I’ve been known to bribe my son with soda to sleep in his own bed, and to ply him with lollipops while I’m trying on clothes in a dressing room. I’ve let him have things he otherwise shouldn’t if I’m in the middle of an important phone conversation. Or huffing and puffing on the treadmill at home. He has impeccable timing, that son of mine.
The writing thing is tough though, because I do it at home. And because I care more about sleep than I do my writing, I have never been one to able to get up at four a.m. or stay awake until the wee hours to write. So I have to squeeze it in when I can. During the vacations from school, it is usually in between a thousand interruptions from my son, as well as his friends.
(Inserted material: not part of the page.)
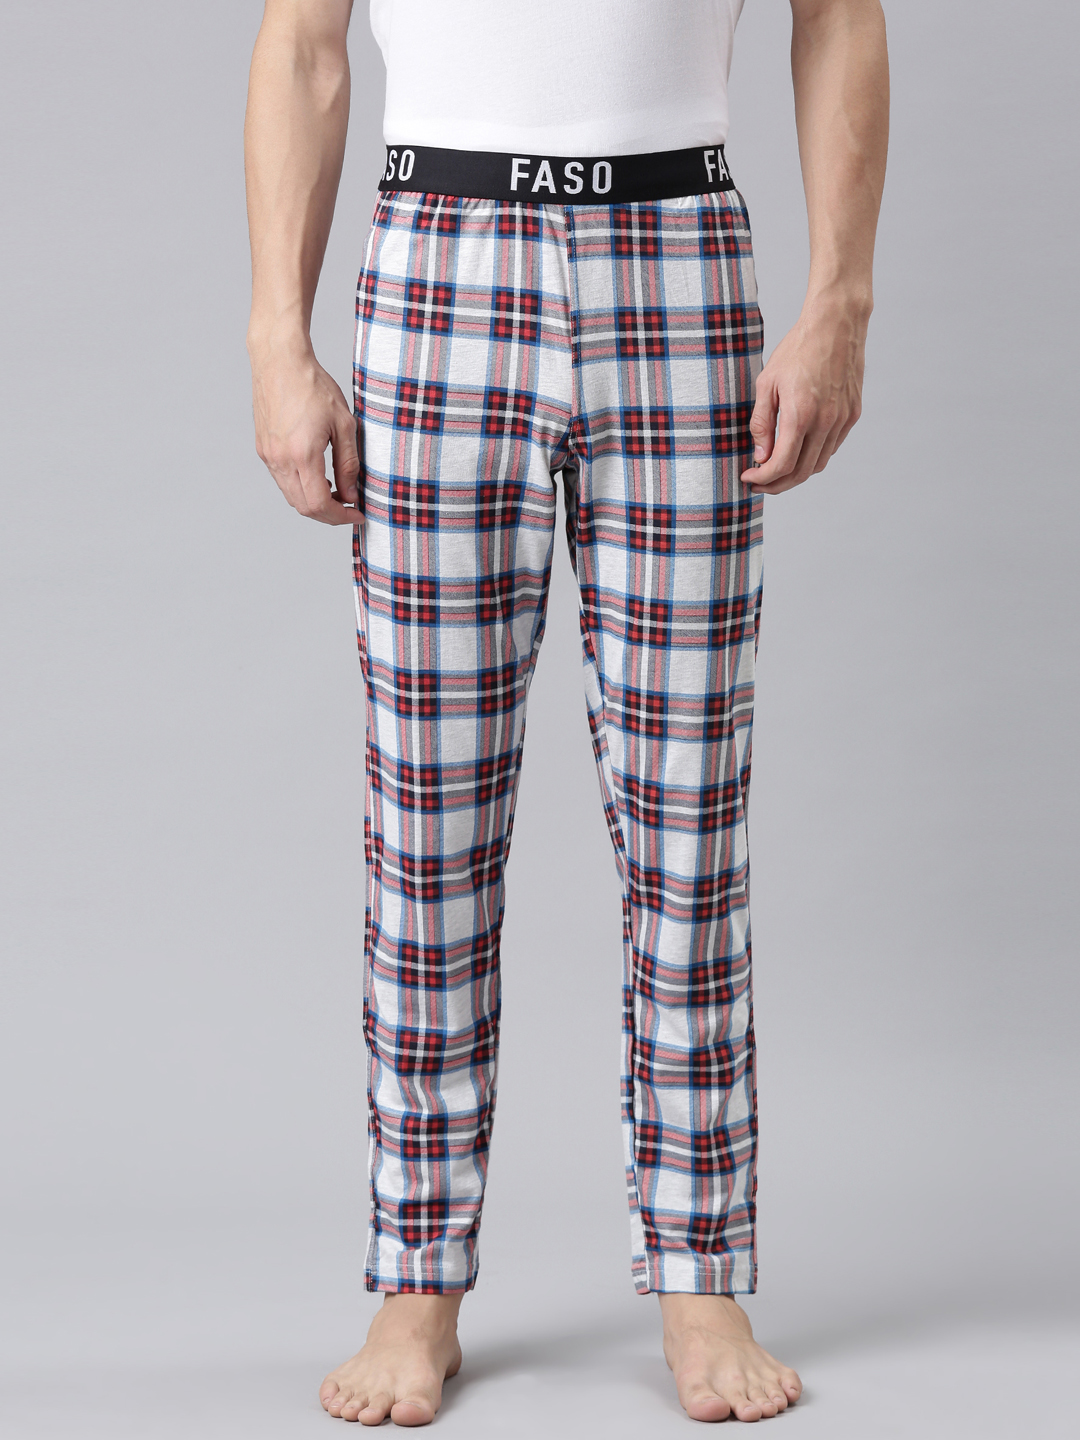 Members Only Mens Fleece Sleep Pant With Two Side Pockets  Multi Colored  Loungewear Relaxed Fit Pajama Pants For Men Blue Plaid Xl  Target

Here’s how it usually goes…
(Powers up computer)
Once upon –
“Mom, I’m hungry. Make me breakfast.”
“Your son won’t let me play his DSI.”
“The dog pooped in my room again, Mom.”
there was –
“Mom, what’s for lunch?”
a woman who –
“Hurry! Your son fell off his bike and he’s bleeding.”
dreamed of –
“Mom, I’m hungry. Can you make me dinner?”
“Can I have a sleepover at your house?”
to Hawaii –
I’m still hungry, Mom. Can you make me some popcorn?”
Sigh. Well, at least I got some writing done today.
(Shuts down computer)
I’d really love to know how in the hell other people do it.